- [COLLECTED DATA]:
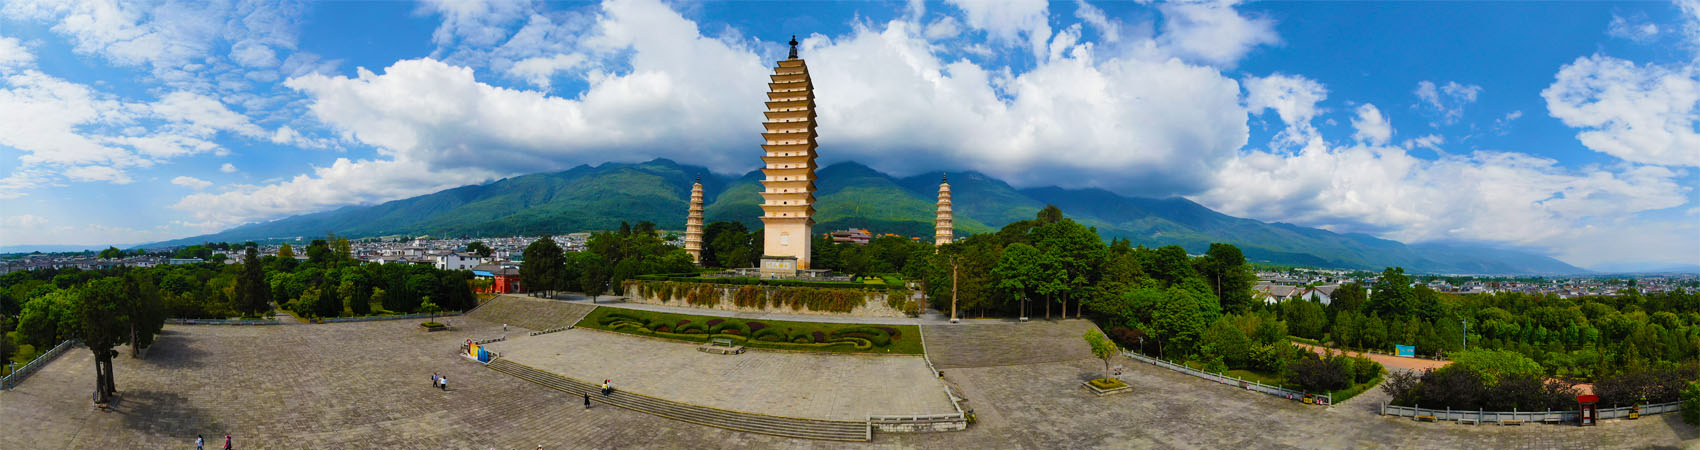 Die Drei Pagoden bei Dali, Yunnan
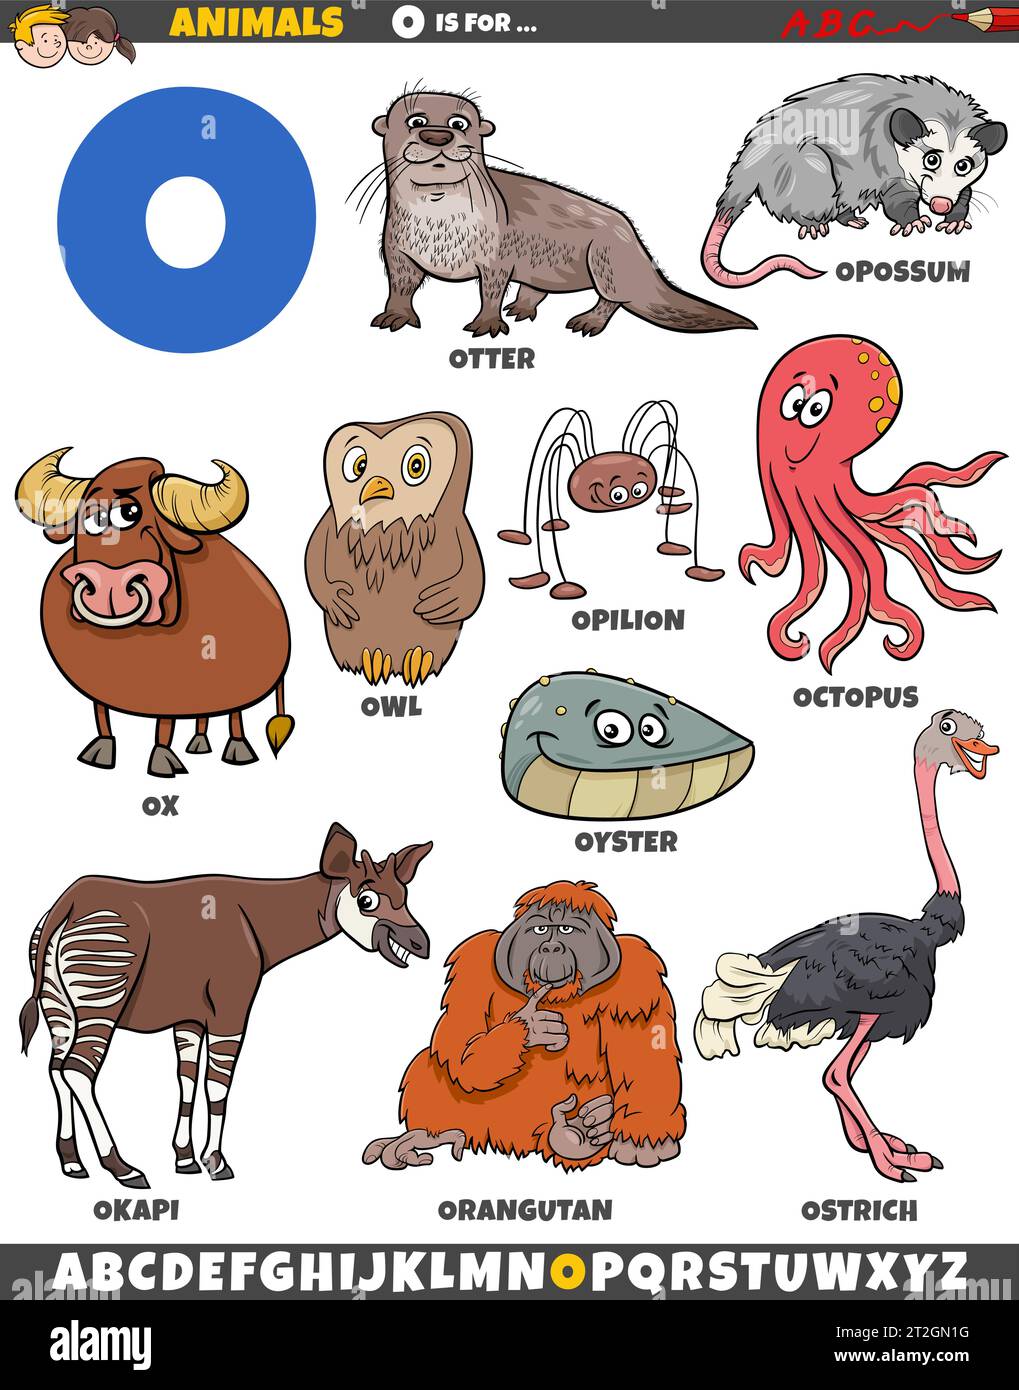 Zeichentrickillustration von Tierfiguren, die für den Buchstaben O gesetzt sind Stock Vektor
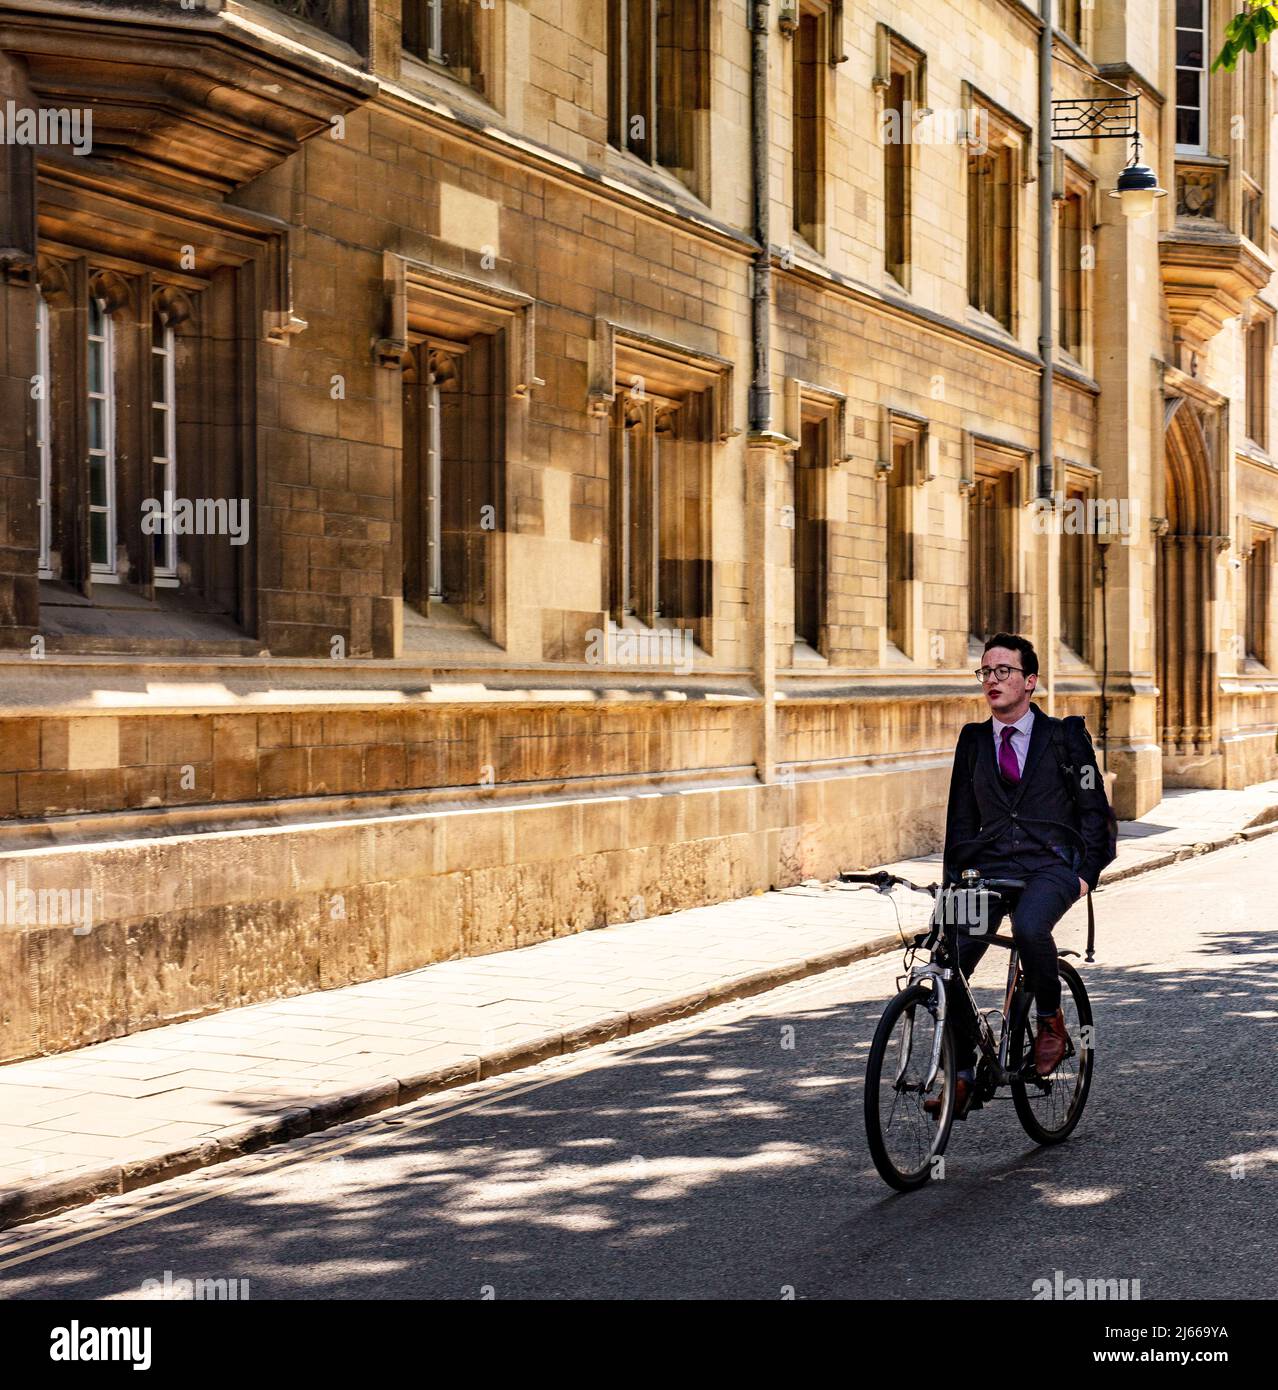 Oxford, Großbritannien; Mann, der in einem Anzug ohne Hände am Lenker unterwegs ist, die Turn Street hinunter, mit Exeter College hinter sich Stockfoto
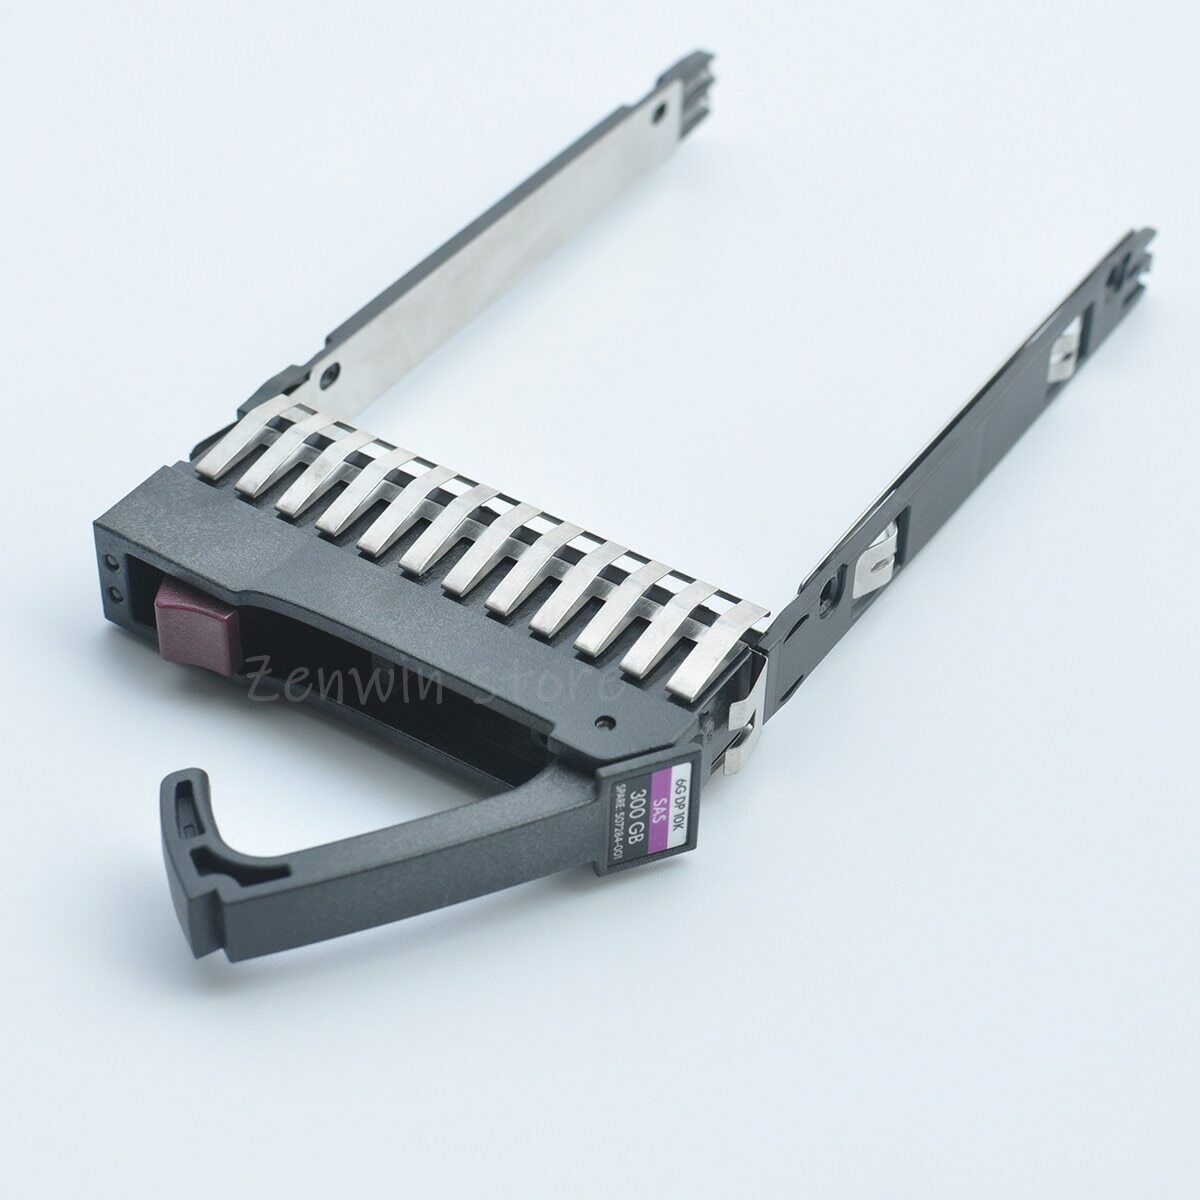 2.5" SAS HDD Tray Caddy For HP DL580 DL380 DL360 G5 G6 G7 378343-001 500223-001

- [PROBLEM]:
Starting at the line that contains "Oxford, Großbritannien; Mann, der" and ending at the final line of the data, reproduce each line exactly. Pictures stay out of the copy.

- [SOLUTION TO THIS EXERCISE]:
 Oxford, Großbritannien; Mann, der in einem Anzug ohne Hände am Lenker unterwegs ist, die Turn Street hinunter, mit Exeter College hinter sich Stockfoto
 2.5" SAS HDD Tray Caddy For HP DL580 DL380 DL360 G5 G6 G7 378343-001 500223-001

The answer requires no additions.